Now we get to the nuts and bolts of SLDS. To keep their products aligned with the Salesforce user experience, product teams can find a full set of design resources at lightningdesignsystem.com.

Lightning bolt surrounded by nuts, bolts, and gears

Design guidelines describe patterns based on specific use cases. Patterns are associated with blueprints (documented, accessible CSS). Consumers use blueprints to build web and native applications with the Lightning Experience. Design guidelines address big-picture questions about the Salesforce user experience, such as: How is data displayed? How is data entered? How is search handled? How does the UI indicate that information is loading? SLDS has two types of design guidelines.

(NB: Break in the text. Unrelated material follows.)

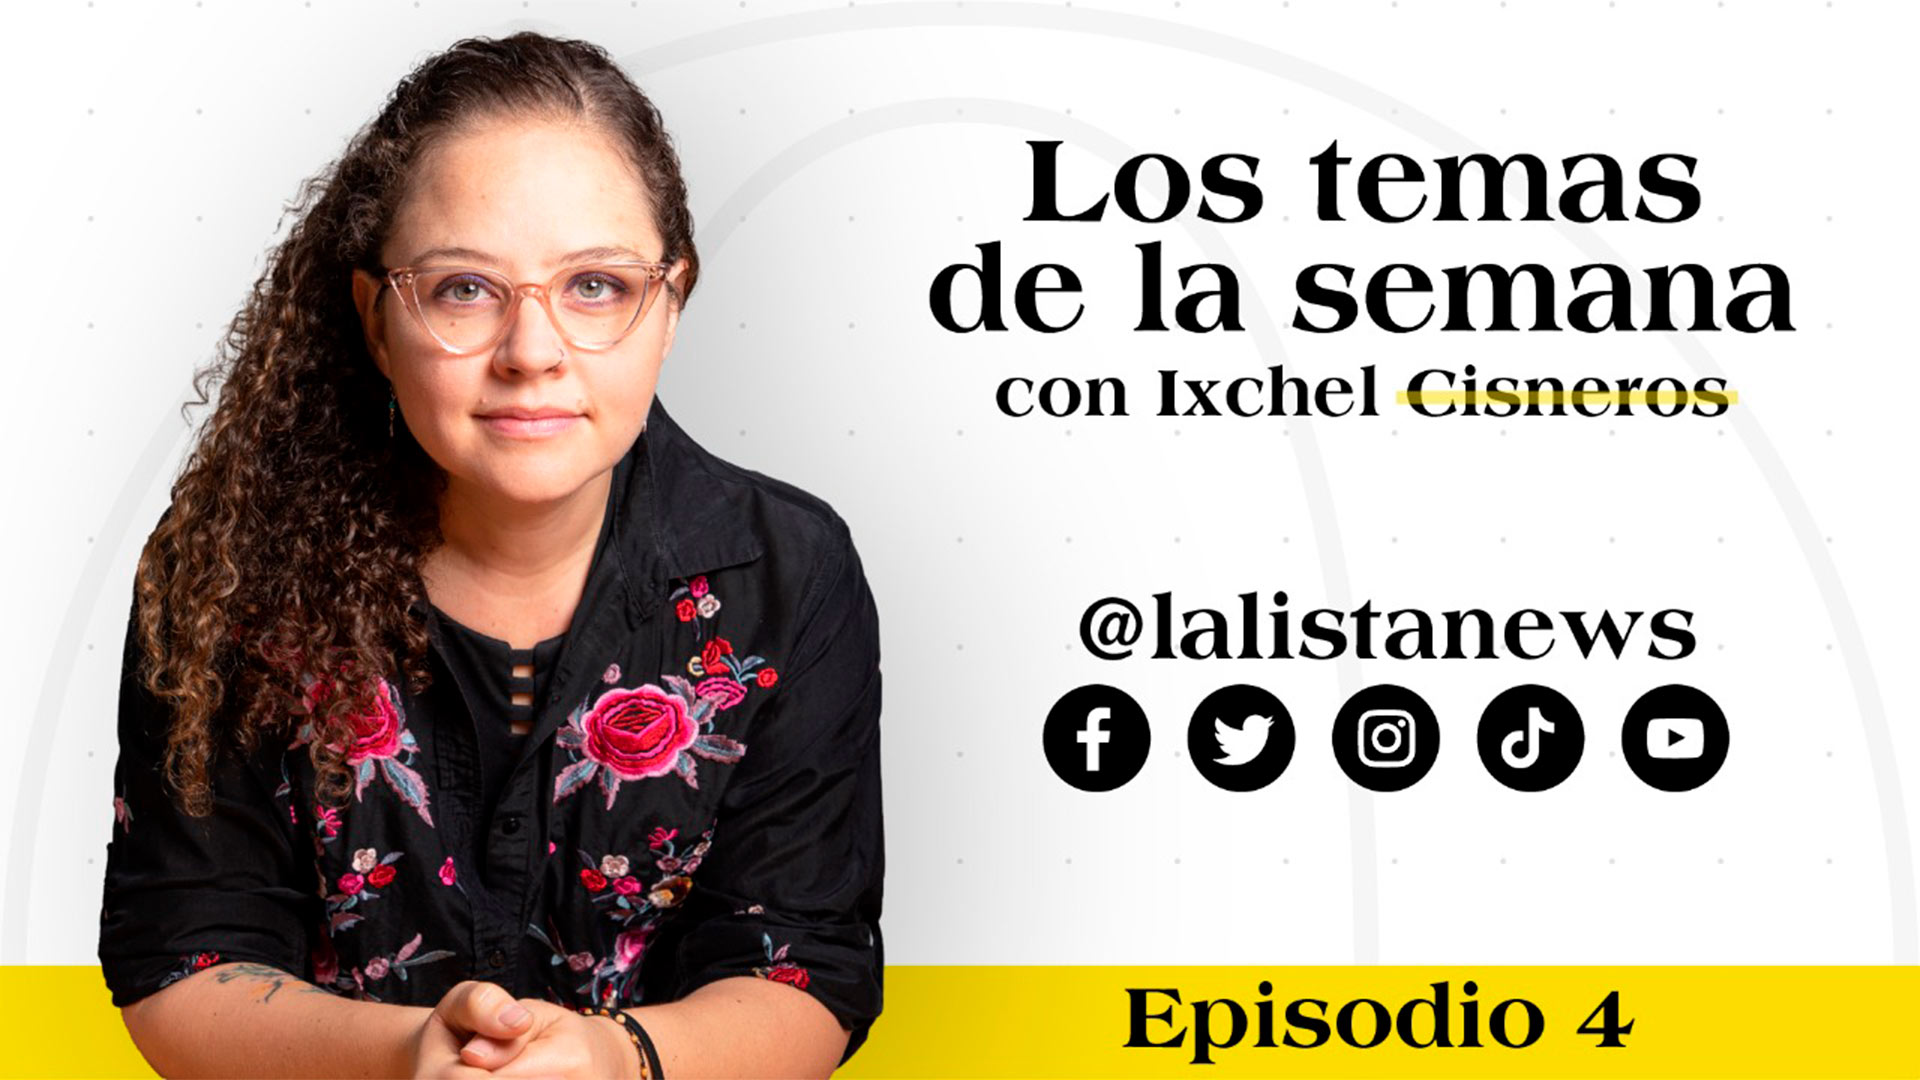 El presunto feminicida de Atizapán, normalistas y Chile: #LosTemasDeLaSemana con Ixchel Cisneros

  • Blueprints, a type of design guideline, are static, framework-independent, accessible HTML and CSS for UI elements such as checkboxes, page headers, and dynamic menus. Developers use blueprints to build components. (The full name for blueprints is component blueprints. People often refer to them as just components, but that’s not entirely accurate. Components are generally fully functional, but the HTML5 and CSS in SLDS are static. You must integrate an SLDS blueprint with a JavaScript framework before a user can interact with it.)
  • Tokens, another type of design guideline, are named entities that store visual design attributes. At Salesforce, we use them in place of hard-coded values (such as hex values for color or pixel values for spacing). Tokens help us maintain a scalable and consistent UI. Using design tokens can save designers time and help maintain consistency. More importantly, when a designer uses a token, each instance of it is automatically updated every time that token is updated in SLDS, with no manual updates required. Using tokens to represent design attributes makes it easy for the design system team to update and scale design elements across web and native applications.

More Resources

SLDS also includes:

  • Tools such as APIs, plug-ins, and design kits that make building with SLDS faster and easier.
  • Voice and tone guidelines for making Salesforce content clear, consistent, and appealing, whether in an app or online. These guidelines apply to all Salesforce text, from official communications to on-screen instructions and error messages.
  • Accessibility guidelines that help people with disabilities perceive, understand, navigate, interact with, and contribute to Salesforce applications. All Salesforce applications strive to meet the WC3 WCAG 2.0 AA industry standard to be perceivable, operable, understandable, and robust for all users. Some examples include:

    • Providing keyboard interaction alternatives for all mouse-based actions
    • Properly labelling all form fields and buttons
    • Providing text-based alternatives for all images, videos, icons, and SVGs

Each SLDS component must convey its identity, operation model, and state to assistive technologies, and must use ARIA markup to identify itself to users of assistive technologies. To learn more about accessibility, explore the resources below.

The Future of SLDS

A futuristic space station named SLDS

Salesforce is an industry leader in the design system space. SLDS was the world’s first open-source enterprise design system. Today, the SLDS team is asking questions like these about the next-generation design system: How might a design system use artificial intelligence? Can we make it possible for anyone to use Lightning Web components on any JavaScript platform? Can we do it without rewriting code? How can multiple design systems build on each other, extending use cases to other themes?

Whatever the answers, questions will continue to arise. We hope you join us on the journey as SLDS continues to evolve.